But there’s an alternative pattern. Without having to rewrite your existing application in Java, you can employ API Gateway and Lambda as a proxy in front of a cluster. They can handle API requests and relay them to Kafka topics instantly. API Gateway takes in producer requests and channels them to a Lambda function, written in Java using the Amazon MSK IAM library. It then communicates with the MSK Serverless Kafka topic using IAM access control. After the cluster receives the message, it can be further processed within the MSK Serverless setup.
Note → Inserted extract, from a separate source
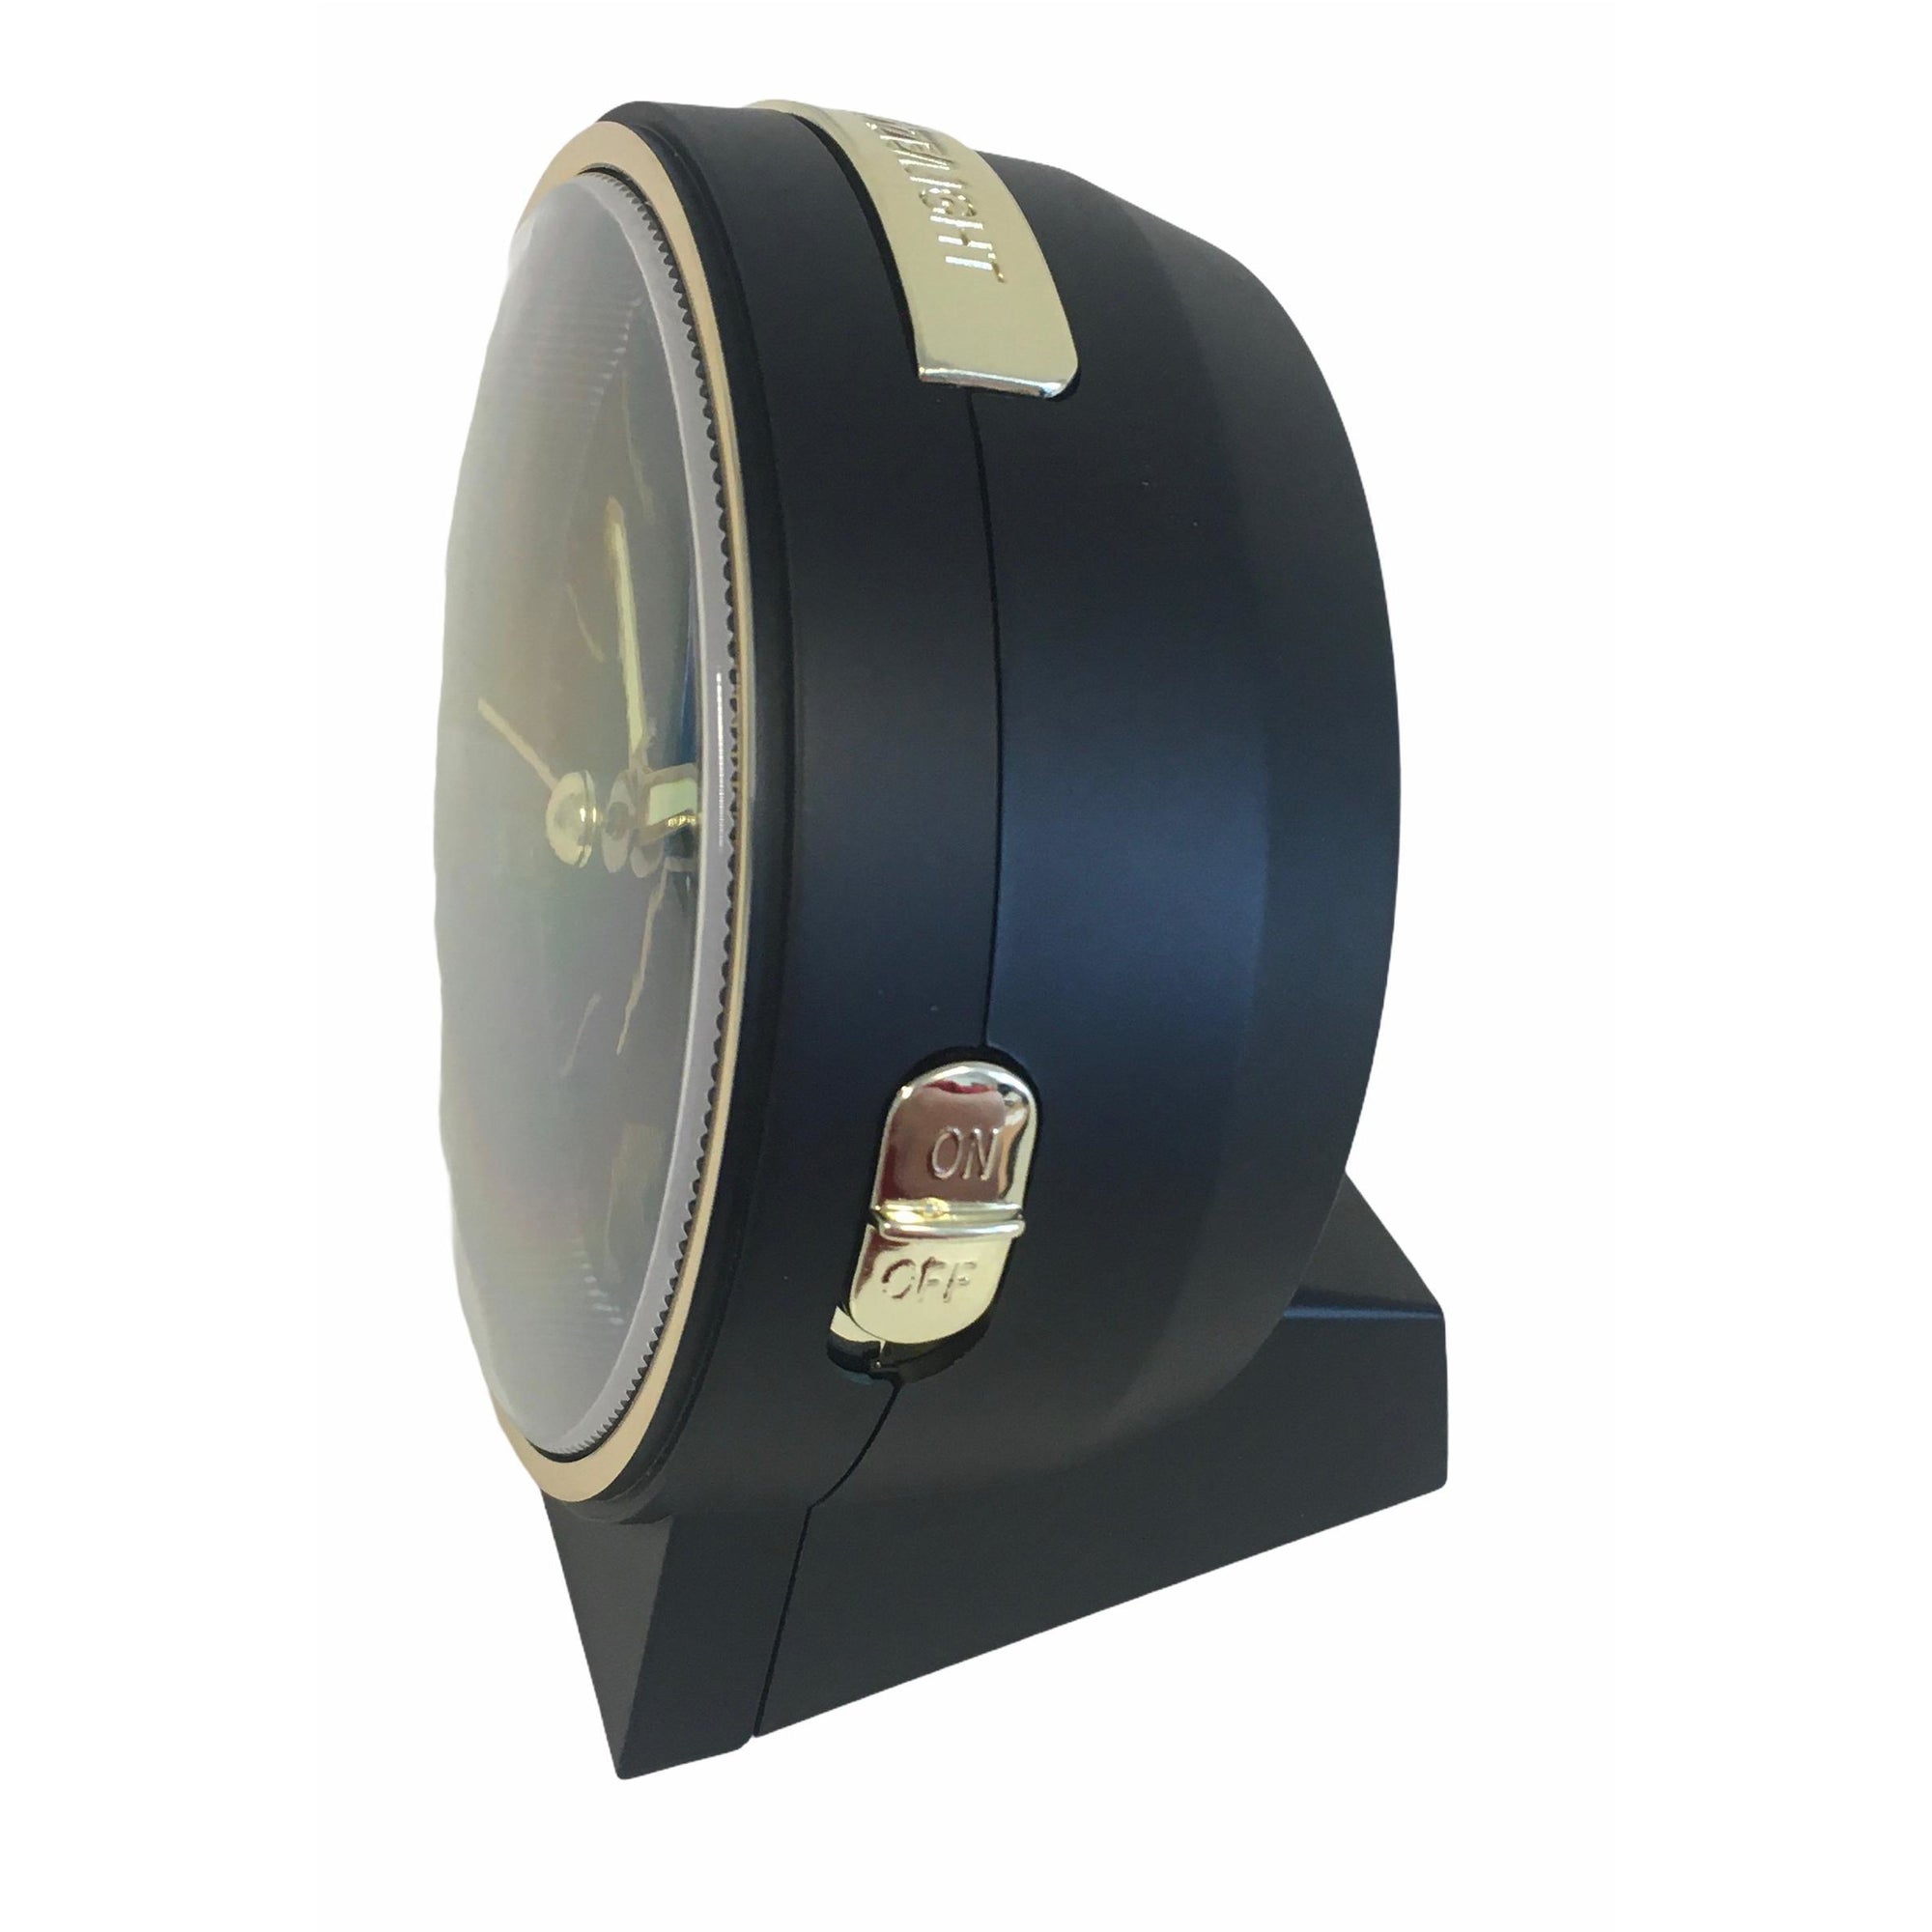 Bell Alarm Clock in Mat Black and Gold Detailing

You can also utilize Lambda on the consumer side of MSK Serverless topics, bypassing the Java requirement on the consumer side. You can do this by setting Amazon MSK as an event source for a Lambda function. When the Lambda function is triggered, the data sent to the function includes an array of records from the Kafka topic—no need for direct contact with Amazon MSK.

Solution overview

This example walks you through how to build a serverless real-time stream producer application using API Gateway and Lambda.

For testing, this post includes a sample AWS Cloud Development Kit (AWS CDK) application. This creates a demo environment, including an MSK Serverless cluster, three Lambda functions, and an API Gateway that consumes the messages from the Kafka topic.

The following diagram shows the architecture of the resulting application including its data flows.

The data flow contains the following steps:

  1. The infrastructure is defined in an AWS CDK application. By running this application, a set of AWS CloudFormation templates is created.
  2. AWS CloudFormation creates all infrastructure components, including a Lambda function that runs during the deployment process to create a topic in the MSK Serverless cluster and to retrieve the authentication endpoint needed for the producer Lambda function. On destruction of the CloudFormation stack, the same Lambda function gets triggered again to delete the topic from the cluster.
  3. An external application calls an API Gateway endpoint.
  4. API Gateway forwards the request to a Lambda function.
  5. The Lambda function acts as a Kafka producer and pushes the message to a Kafka topic using IAM authentication.
  6. The Lambda event source mapping mechanism triggers the Lambda consumer function and forwards the message to it.
  7. The Lambda consumer function logs the data to Amazon CloudWatch.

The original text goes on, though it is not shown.